* * *
Что ж, от себя могу лишь добавить, что, по крайней мере, в двух случаях солидарен с Оскаром Савельевичем - в сострадании к заболевшему мальчику и в сердечной склонности к его прелестной матери.
Как дальше развивалась наша любовь? (Потому что, по всей вероятности, это была она - самая настоящая, только скоротечная, как в старые времена чахотка…) А никак. Она не развивалась. Было ещё три встречи полностью наедине, а потом всё превратилось в хорошие и длительные дружеские отношения. С Лизой и с её подрастающим сыном.

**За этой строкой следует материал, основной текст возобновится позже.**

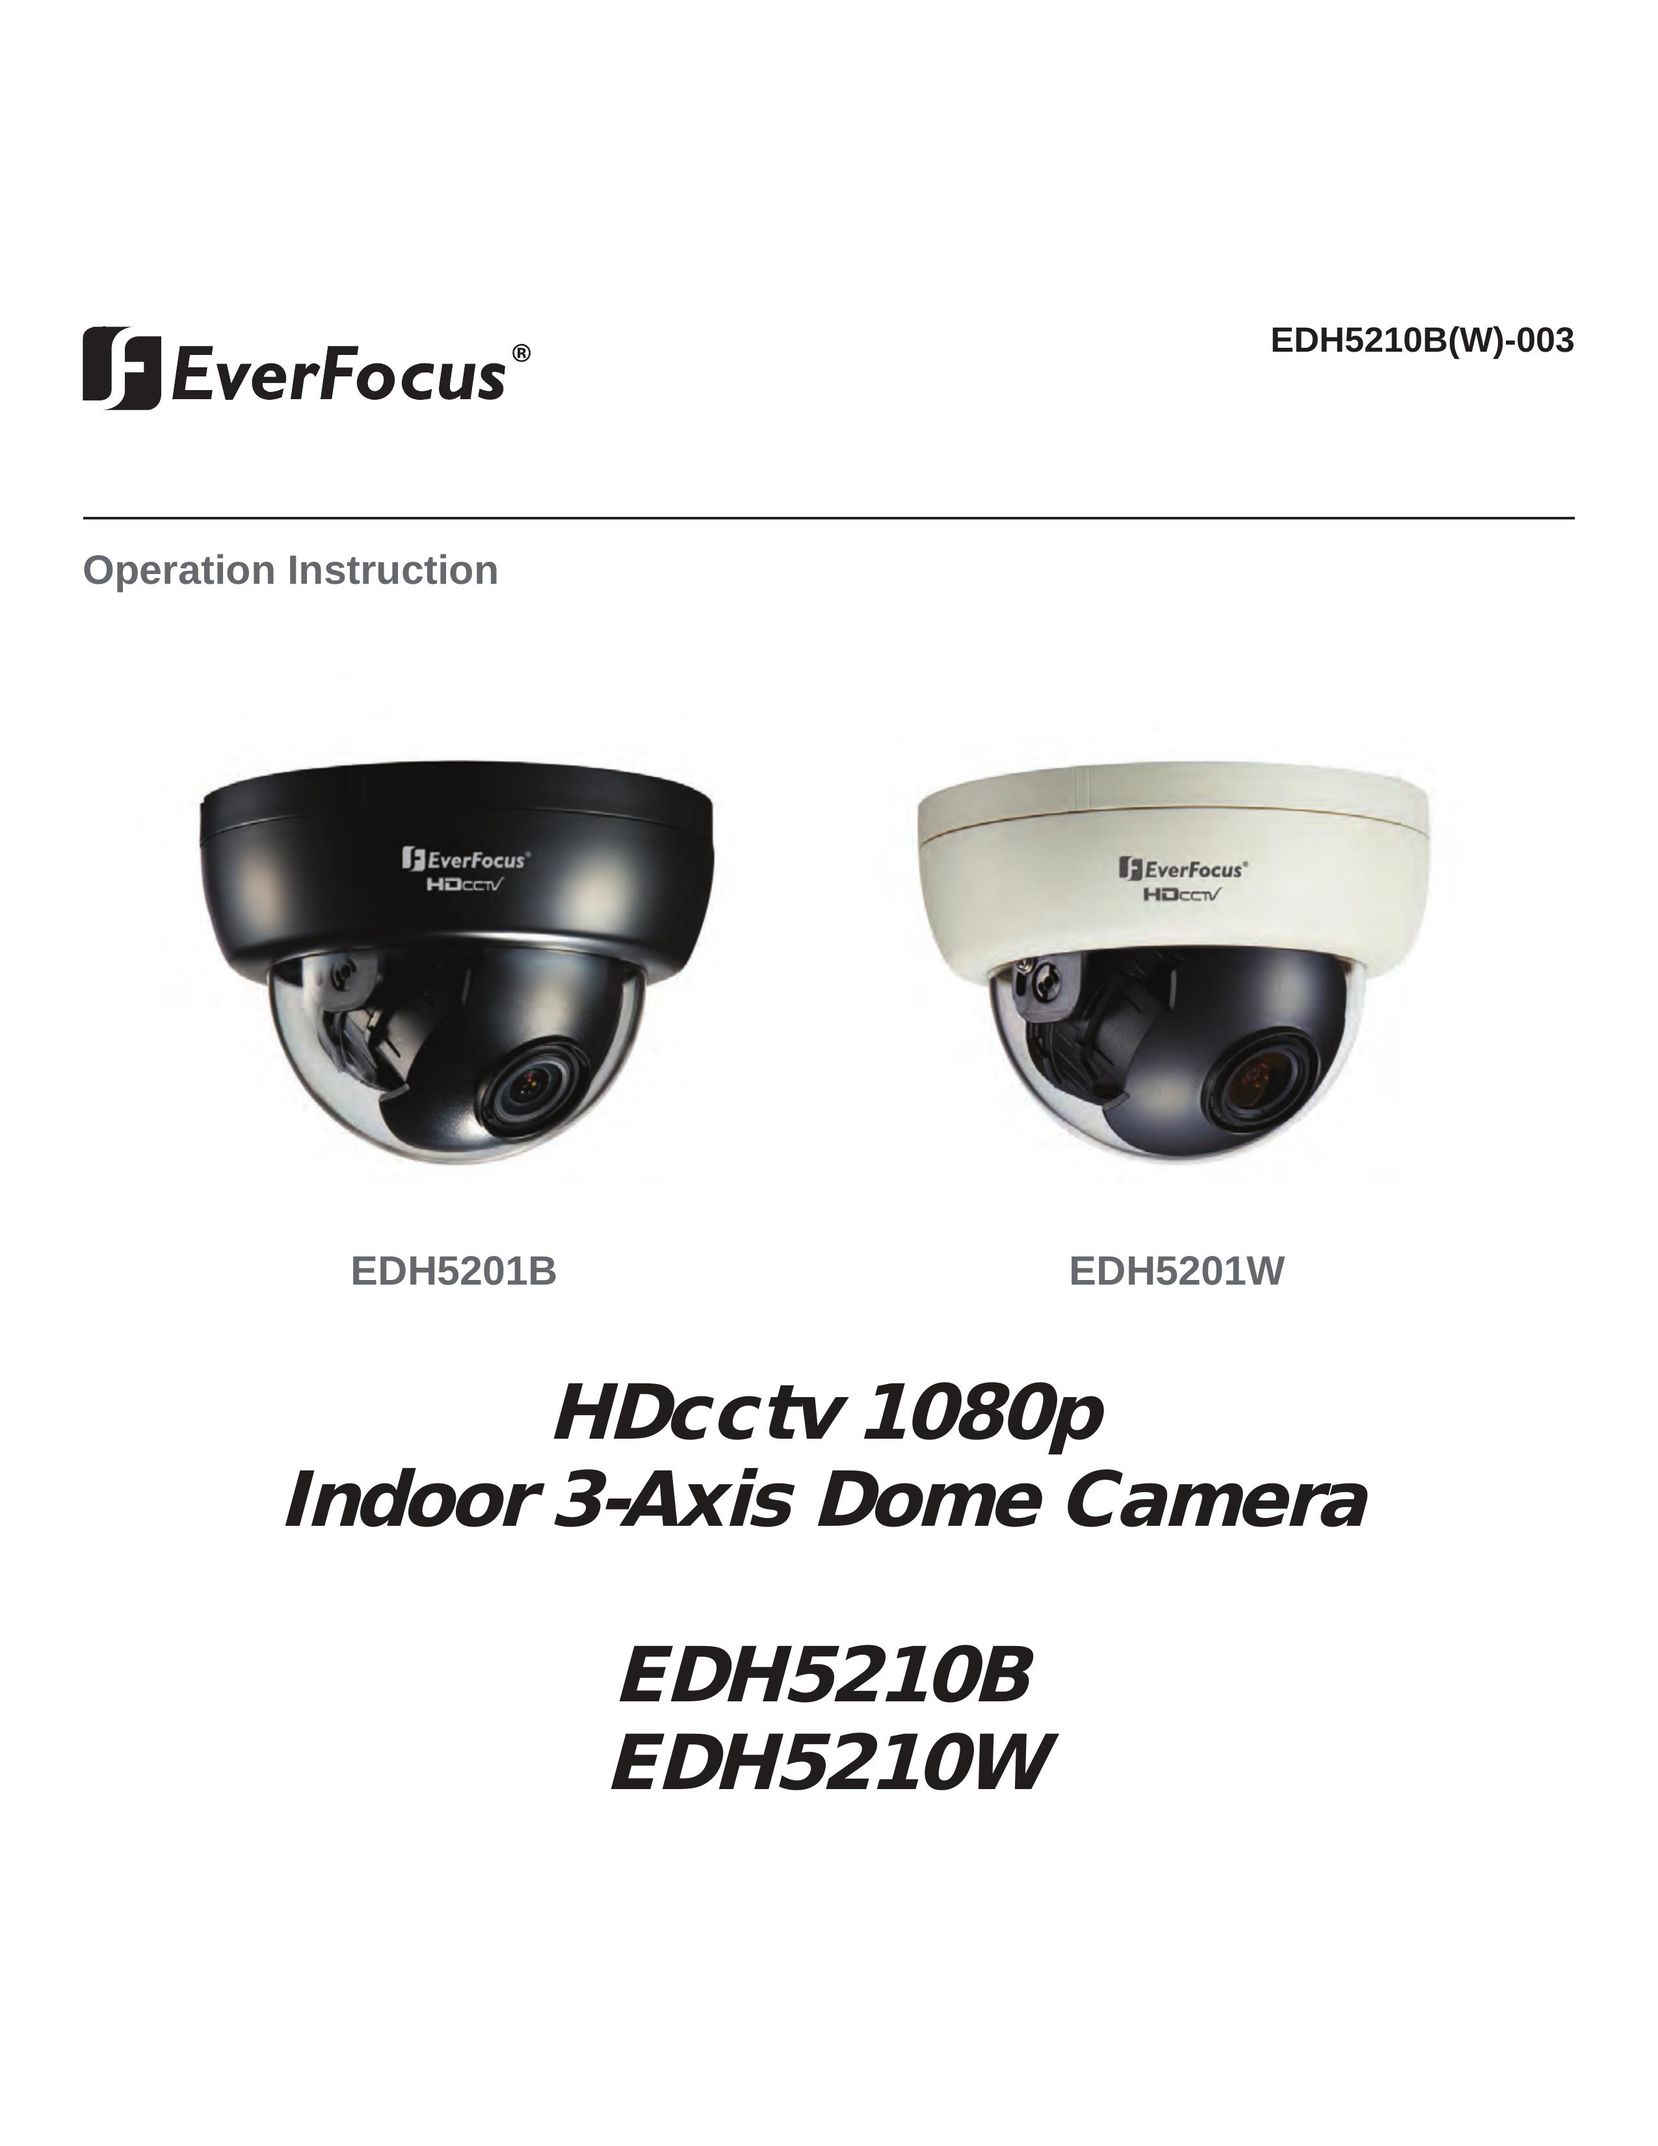 EverFocus EDH5210B Home Security System User Manual

Когда, спустя короткое время, я зашёл к ней в гости, то застал там коренастого молодого человека, с которым встречался ещё у Юлия Даниэля, только сейчас, в отличие от тех дней, он не был оживлён, остроумен, словоохотлив, но бледен, молчалив, подавлен. Что не помешало мне к концу вечера окончательно понять, что находится он у Лизы не в гостях, а как бы дома. (А познакомились они через лизиного сына, чьим учителем он ещё недавно был.)
Я знал, что зовут его Т.Я., что он превосходный преподаватель литературы, любимец многих школьников и их родителей, а также историк и литературовед, известный в определённой среде своими лекциями и статьями (официально неопубликованными) о российских поэтах, о судьбах интеллигенции и культуры, о "романтической идеологии" советского времени; наиболее известной его работой стала книга "Конец трагедии" об Александре Блоке. (Её рукопись он как-то забыл на прилавке магазина Военторга, что на Воздвиженке в Москве, и с нею, наверняка, не без интереса ознакомились "литературные критики в штатском" из определённой организации, которая с некоторых пор стала интересоваться взглядами и поведением Т.Я.)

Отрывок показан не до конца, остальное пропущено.